▶ _Supplied information_

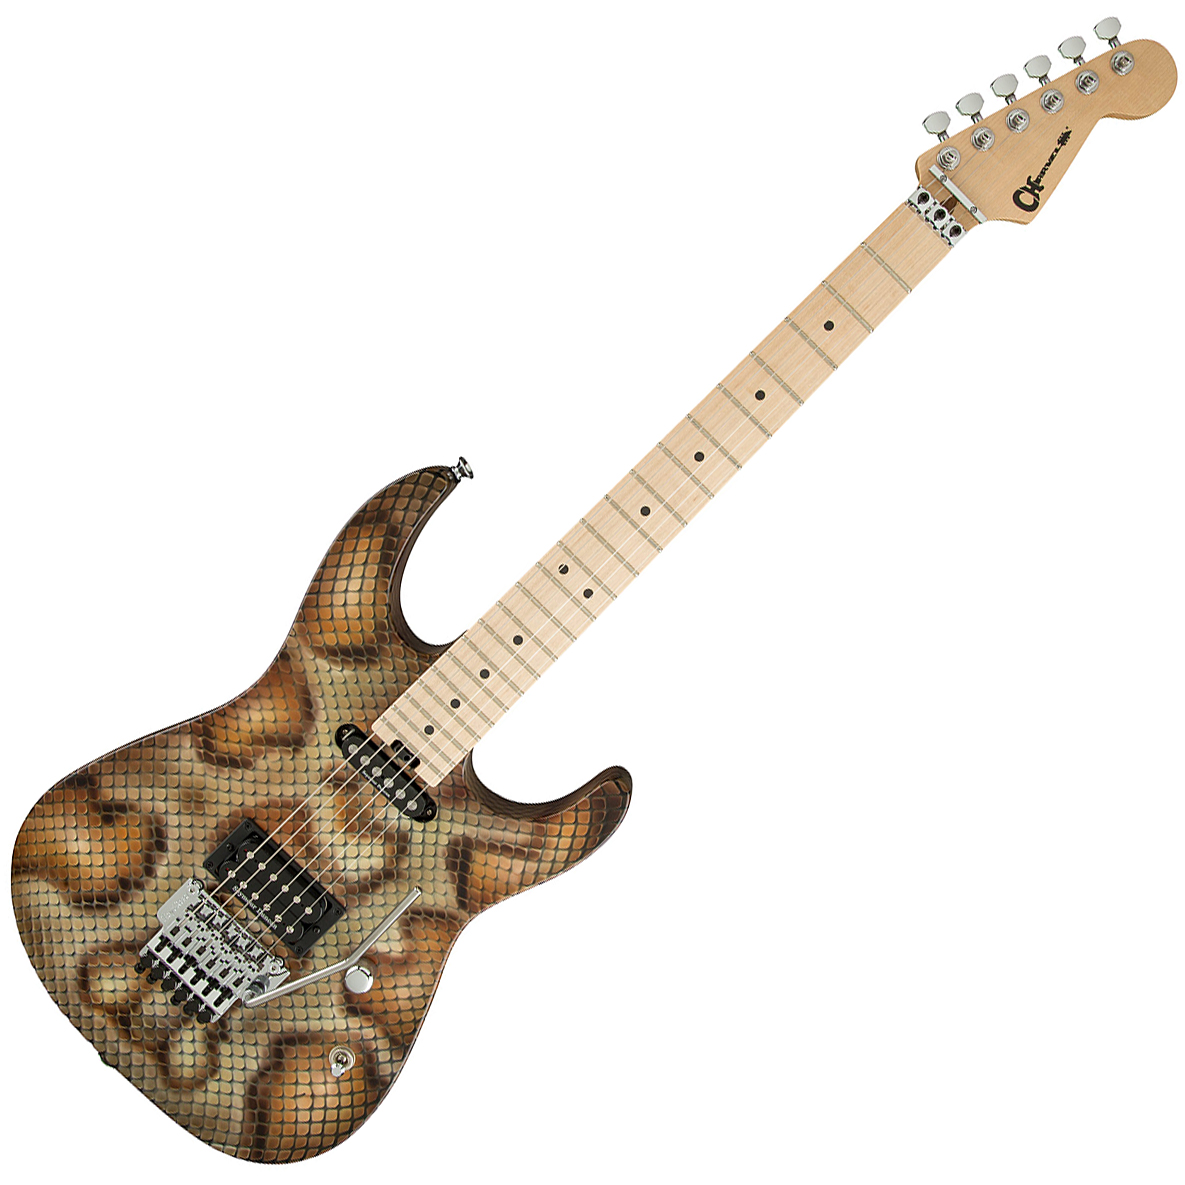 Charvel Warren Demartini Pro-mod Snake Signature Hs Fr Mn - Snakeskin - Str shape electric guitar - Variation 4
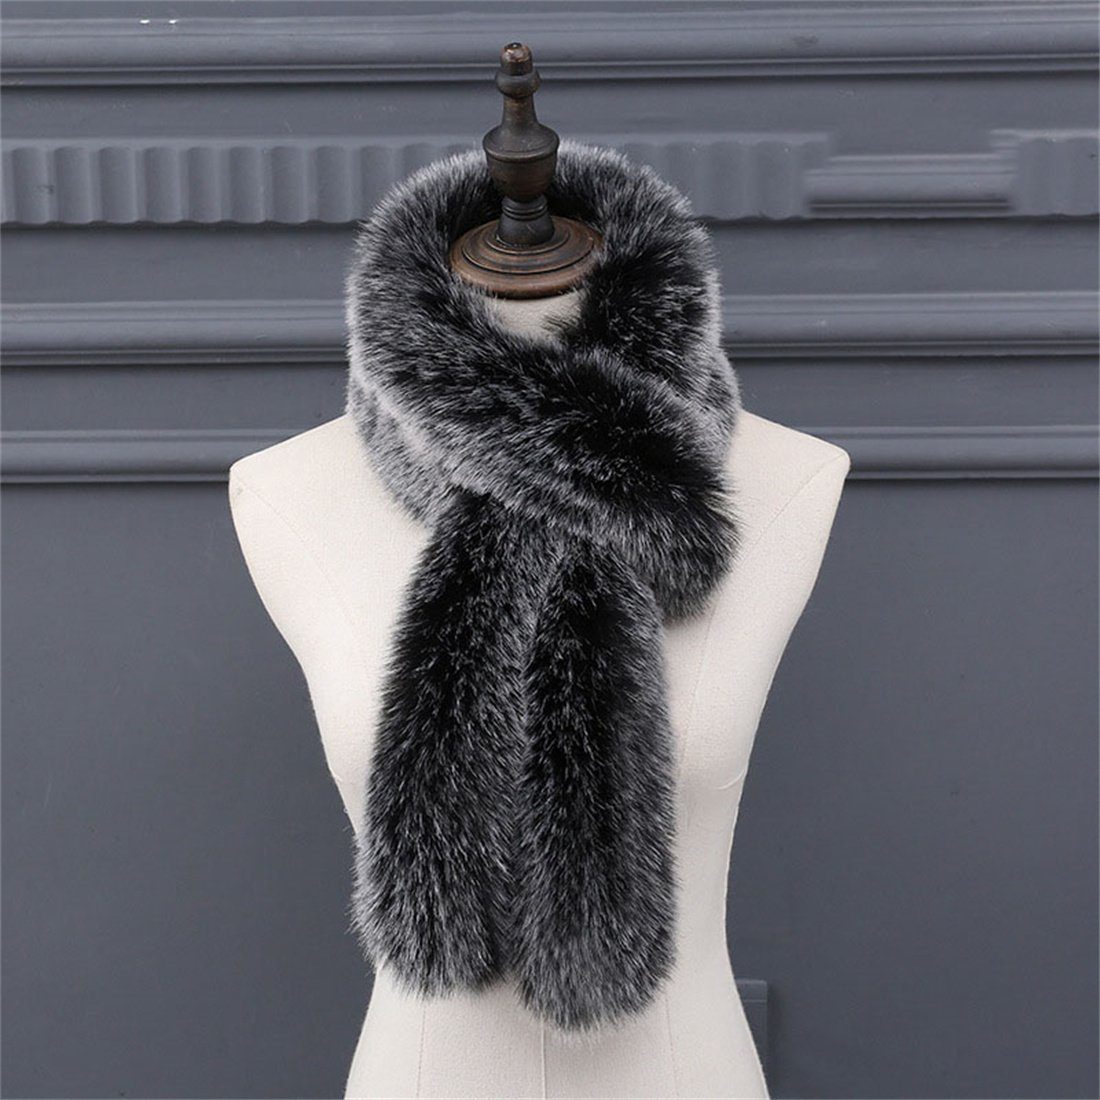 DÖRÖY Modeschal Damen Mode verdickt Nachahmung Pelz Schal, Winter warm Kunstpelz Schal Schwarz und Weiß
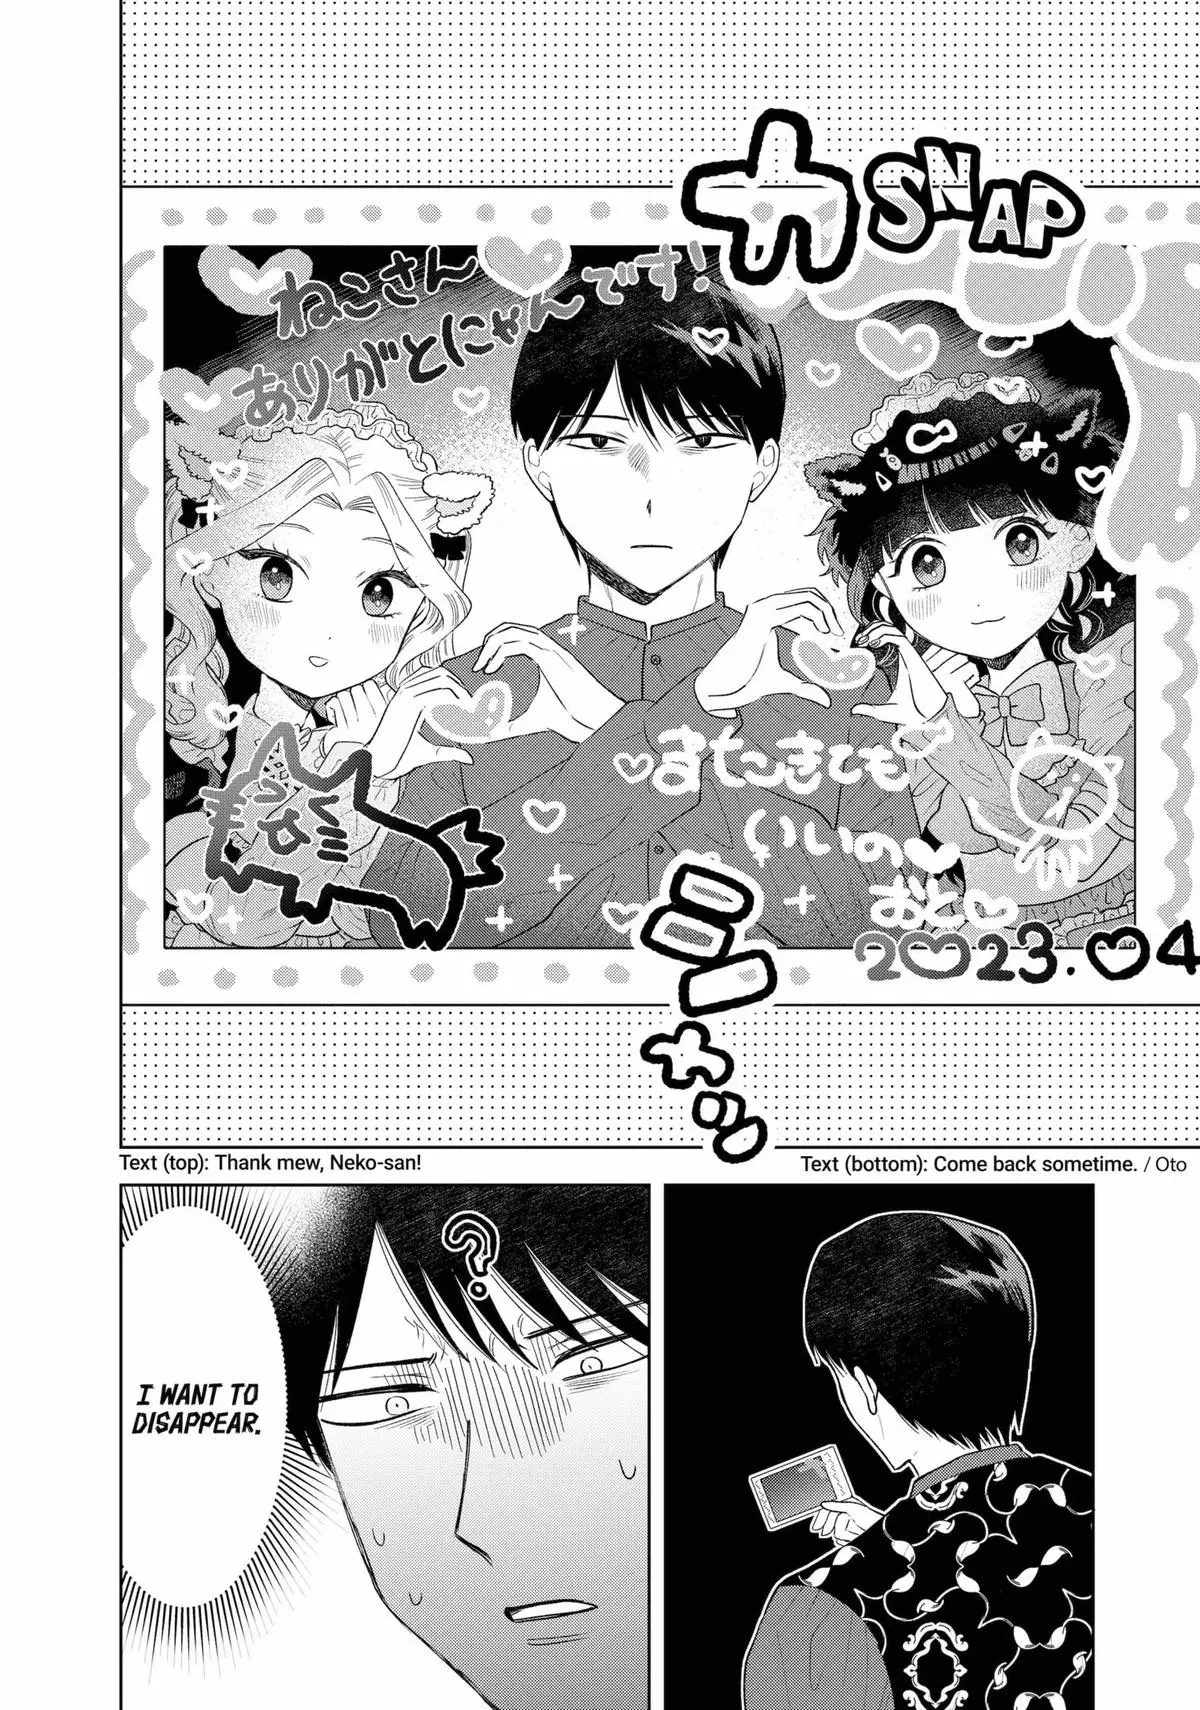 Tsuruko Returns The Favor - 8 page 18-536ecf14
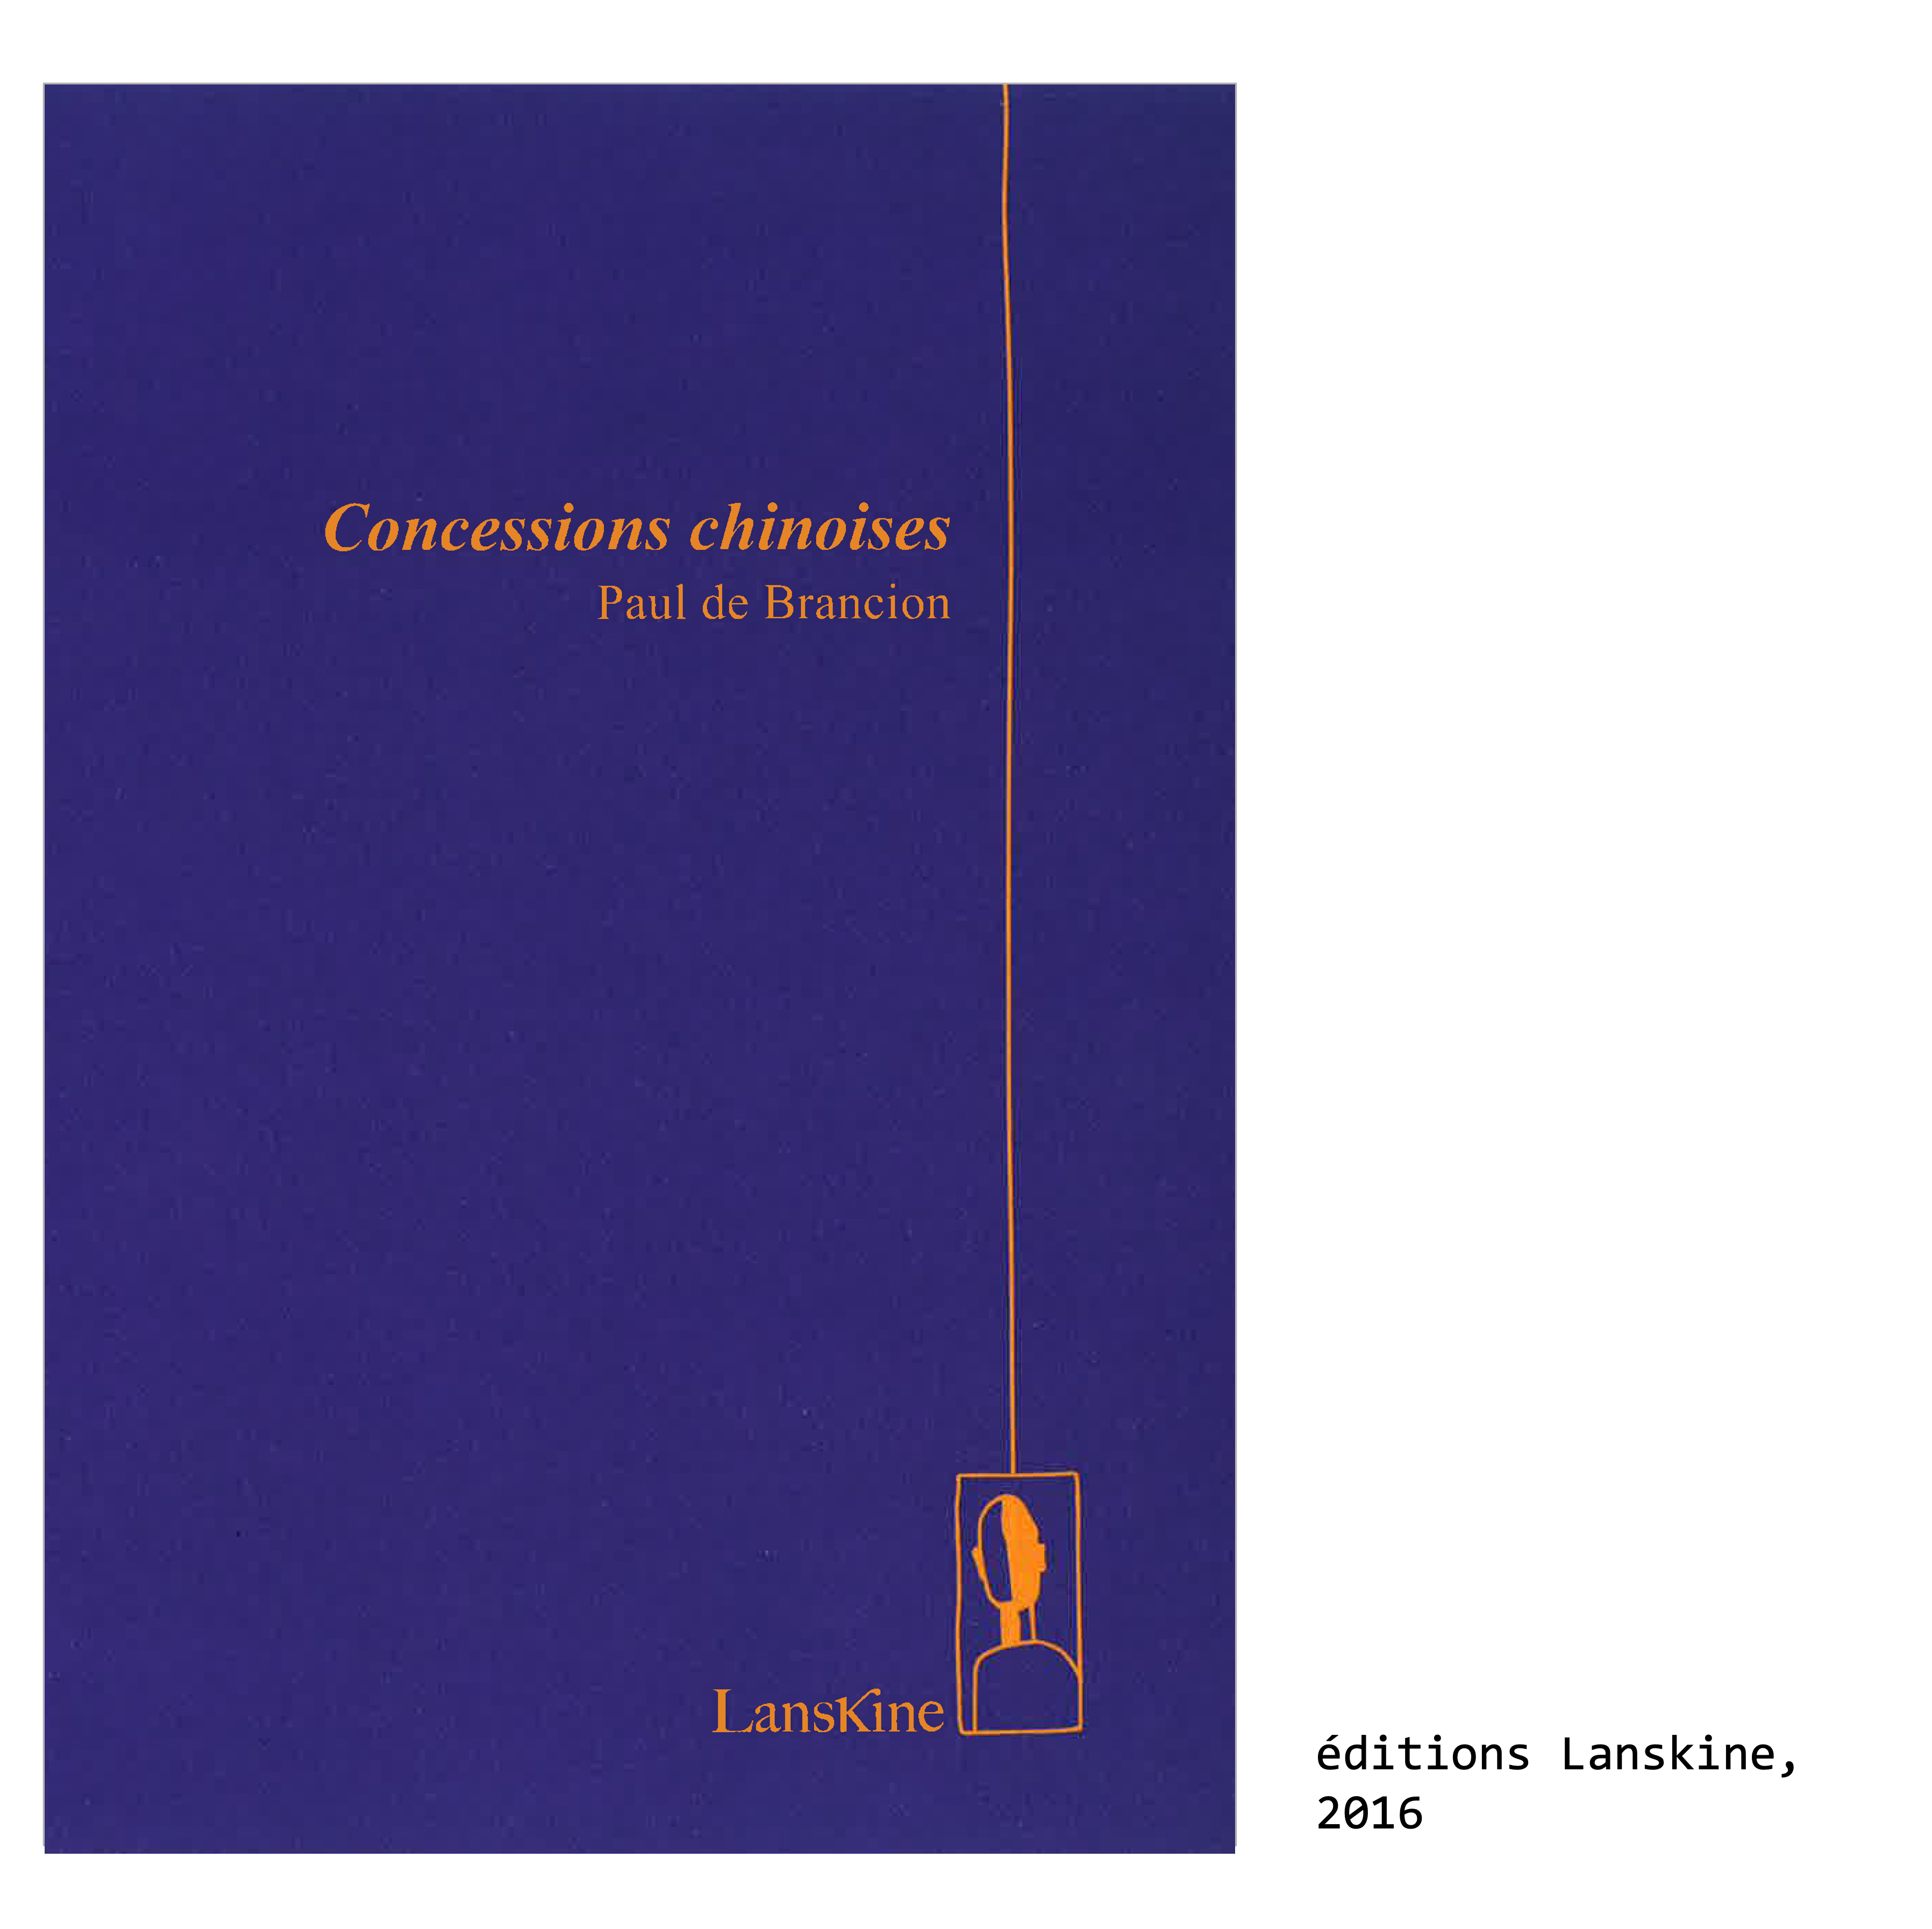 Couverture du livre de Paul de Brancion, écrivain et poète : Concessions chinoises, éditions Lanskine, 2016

▶ _The task_
Copy the material verbatim. The pictures are not part of the copy.

▶ _Exercise response_
 Charvel Warren Demartini Pro-mod Snake Signature Hs Fr Mn - Snakeskin - Str shape electric guitar - Variation 4
 DÖRÖY Modeschal Damen Mode verdickt Nachahmung Pelz Schal, Winter warm Kunstpelz Schal Schwarz und Weiß
 Tsuruko Returns The Favor - 8 page 18-536ecf14
 Couverture du livre de Paul de Brancion, écrivain et poète : Concessions chinoises, éditions Lanskine, 2016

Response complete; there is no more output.